Expectant waiting and amazing arrivals. Two realities that envelop this time of year which is filled with its own complexities. For some, the Christmas season is full of possibility and opportunity. They are floating like a mature dun high and dry on the surface of life. For others, this season brings grief and pain from loss of friends, spouses, vocations, or personal health. For others still, the waiting for something to change has strained hope and any new “arrival” would be better than life’s current realities. Christmas is complex indeed and often we feel the tension of several conflicting realities within us.
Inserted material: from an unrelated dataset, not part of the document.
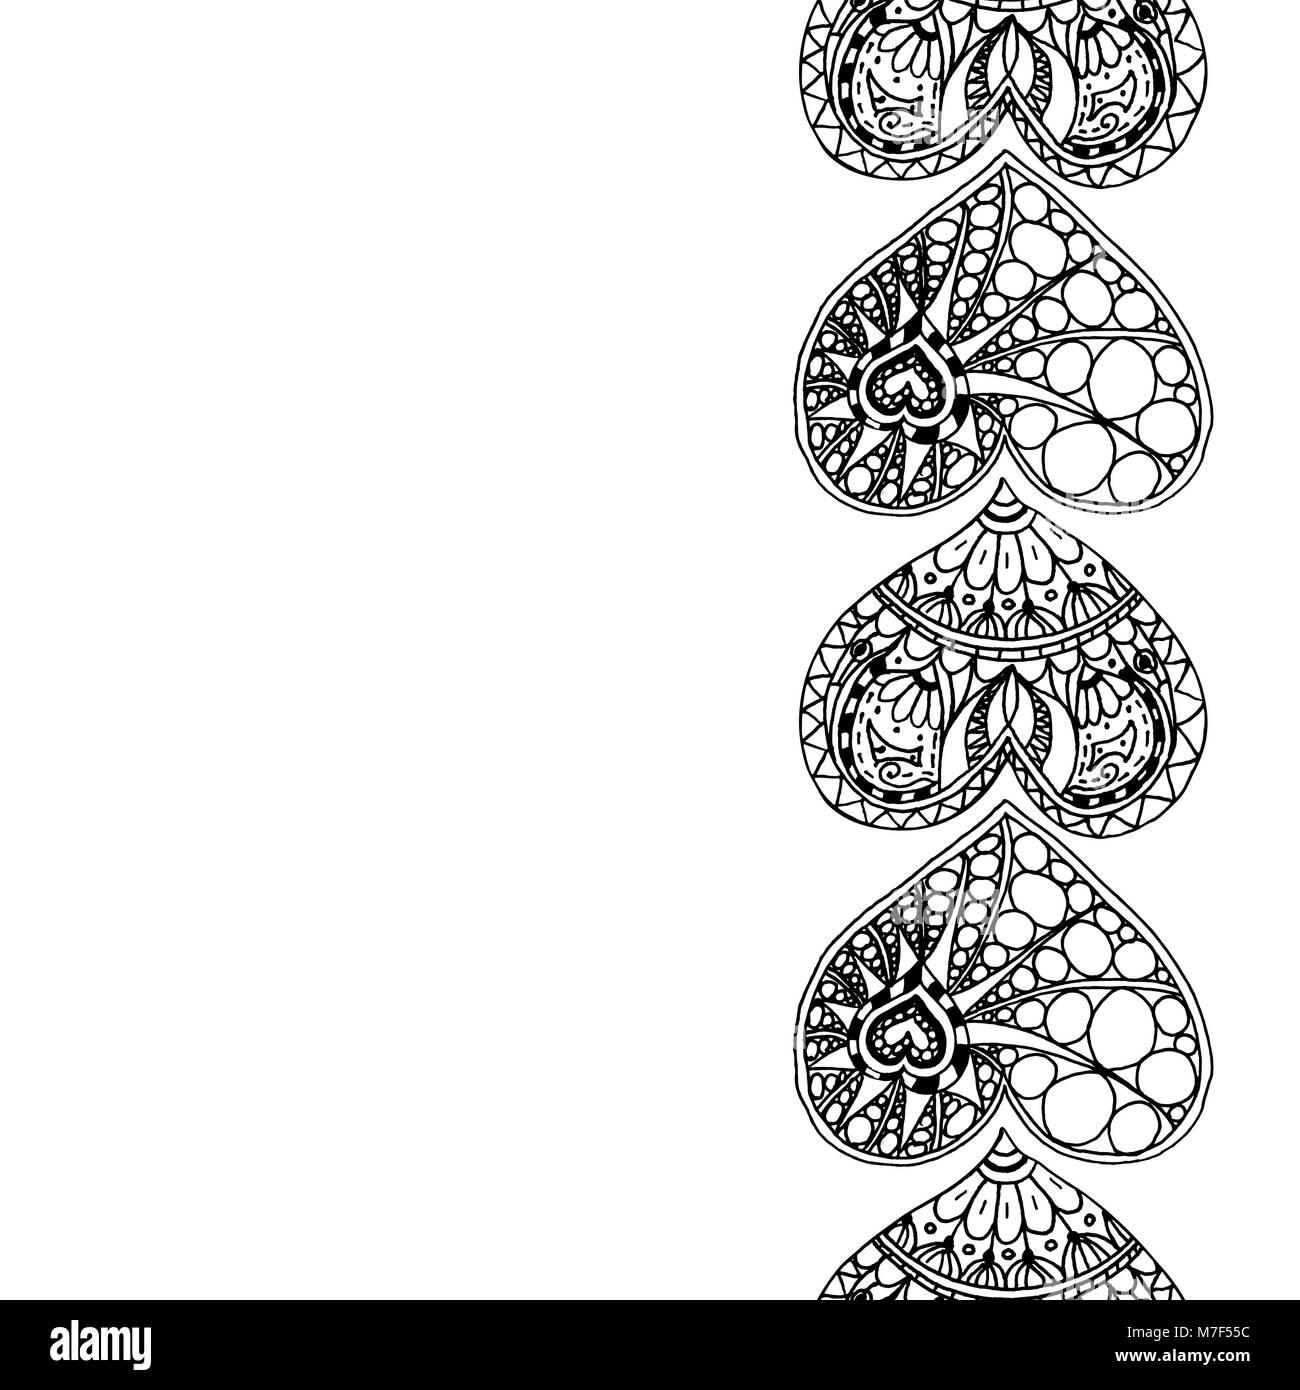 Vector decorativo borde vertical del dibujo a mano alzada, corazones ...

The hope and good news of Christmas is that the waiting is over–God has entered into the story of life in dramatic fashion, never leaving the world (or any person) void of hope and peace. The arrival of the Christ child caused knees to bow and wonder to expand.
Yet in the observations of life today we find ourselves living in the midst of more longing, of needing another arrival of sorts. We know there is something more to life than what we see within ourselves or the news media around us. The world is not as it should be and to some degree, we are pulled toward something more, hoping for something more, desiring another “arrival” to heal all that is broken in the world and in our own souls.
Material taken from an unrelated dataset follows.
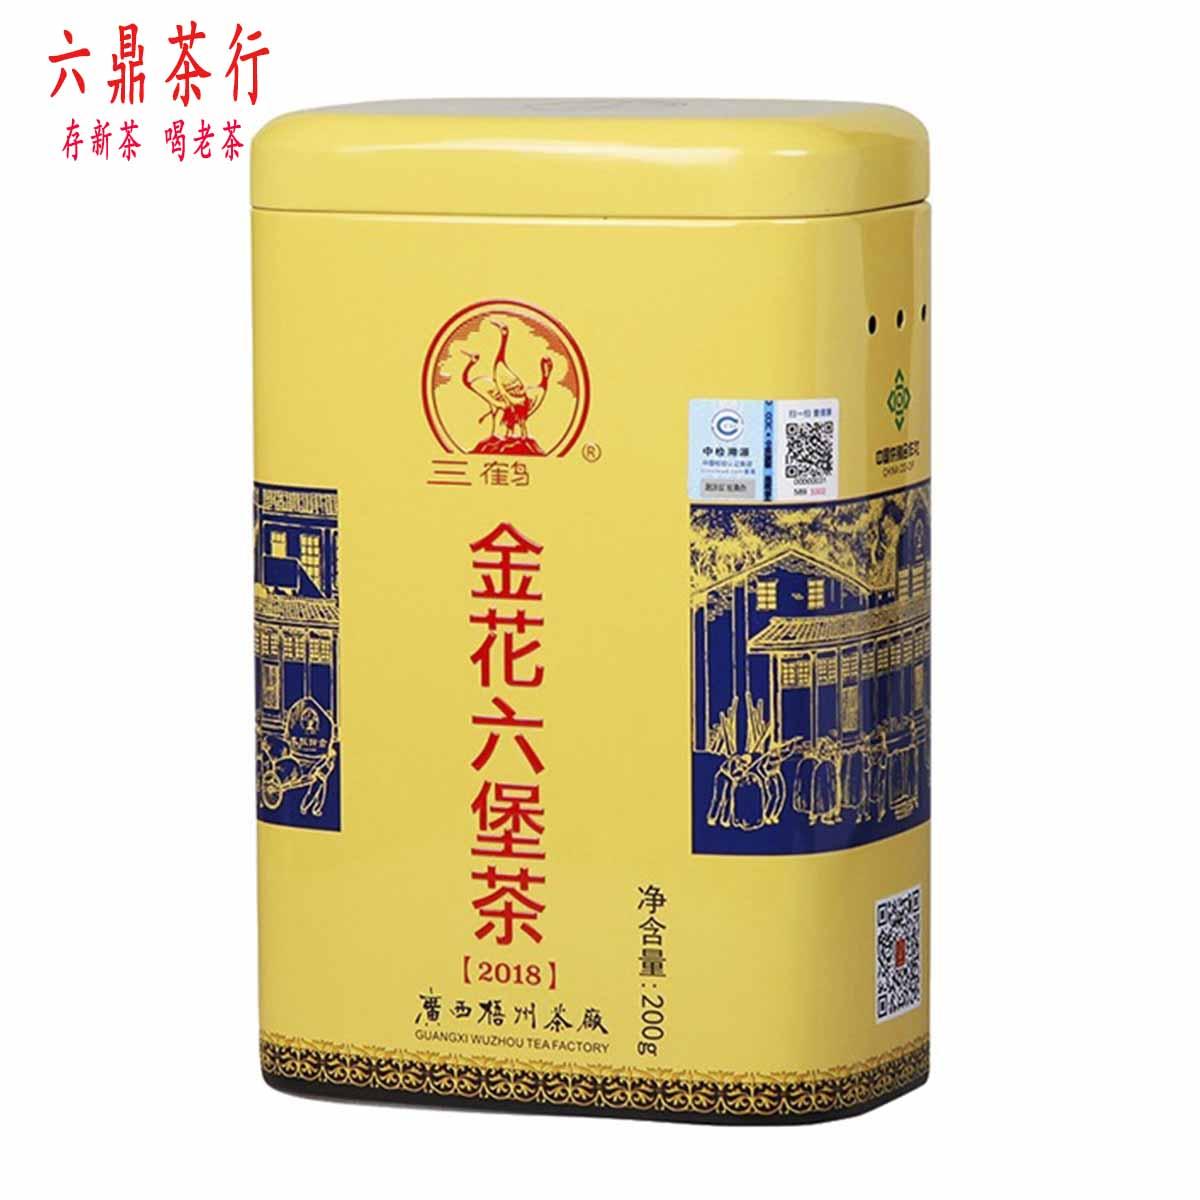 三鹤牌金花2018特级200克六堡茶

Thankfully, the Bible reminds us that there is indeed another arrival coming which will accomplish the very things for which we long. Christ will return and all will be healed, all will flourish, life will be as it was always intended. Until then we wait, not passively, but with eager anticipation like a well executed cast, mend and drift through the prime lie of a waiting trout.
Friends, wherever and however you find yourself waiting, longing, and anticipating arrivals in your life, I hope and pray you will pause and reflect on the birth of Jesus this Christmas season.
Eberhard Arnold (1883-1935) said that we will miss the essence of Christmas unless we are mindful of how the birth of Christ took place. So I leave you with the narrative of Jesus’ birth, of God breaking into our world, an arrival that still bends our knee today with eager anticipation that he will arrive again.
In those days Caesar Augustus issued a decree that a census should be taken of the entire Roman world. (This was the first census that took place while Quirinius was governor of Syria.) And everyone went to their own town to register.
So Joseph also went up from the town of Nazareth in Galilee to Judea, to Bethlehem the town of David, because he belonged to the house and line of David. He went there to register with Mary, who was pledged to be married to him and was expecting a child. While they were there, the time came for the baby to be born, and she gave birth to her firstborn, a son. She wrapped him in cloths and placed him in a manger, because there was no guest room available for them.
And there were shepherds living out in the fields nearby, keeping watch over their flocks at night. An angel of the Lord appeared to them, and the glory of the Lord shone around them, and they were terrified. But the angel said to them, “Do not be afraid. I bring you good news that will cause great joy for all the people. Today in the town of David a Savior has been born to you; he is the Messiah, the Lord. This will be a sign to you: You will find a baby wrapped in cloths and lying in a manger.”
Suddenly a great company of the heavenly host appeared with the angel, praising God and saying, “Glory to God in the highest heaven, and on earth peace to those on whom his favor rests.”
When the angels had left them and gone into heaven, the shepherds said to one another, “Let’s go to Bethlehem and see this thing that has happened, which the Lord has told us about.”
So they hurried off and found Mary and Joseph, and the baby, who was lying in the manger. When they had seen him, they spread the word concerning what had been told them about this child, and all who heard it were amazed at what the shepherds said to them. But Mary treasured up all these things and pondered them in her heart. The shepherds returned, glorifying and praising God for all the things they had heard and seen, which were just as they had been told.
The people walking in darkness have seen a great light; on those living in the land of deep darkness a light has dawned.
Merry Christmas to you and yours from the Altar Fly Fishing Team.
- How are you coming to Christmas this year? What words, feelings, stories are defining this season for you?
- What are you waiting for or what are you hoping “arrives” in your life?
- For what are you treasuring and pondering in your heart?
- How has the reality of Jesus coming into our world (the good news shared above) impacted your life? Are you needing to return to God or for the first time, allow Jesus to come into (arrive) your heart?
- Spend time in quiet reflection and when ready simply offer whatever prayer you need to share, however it needs to be shared.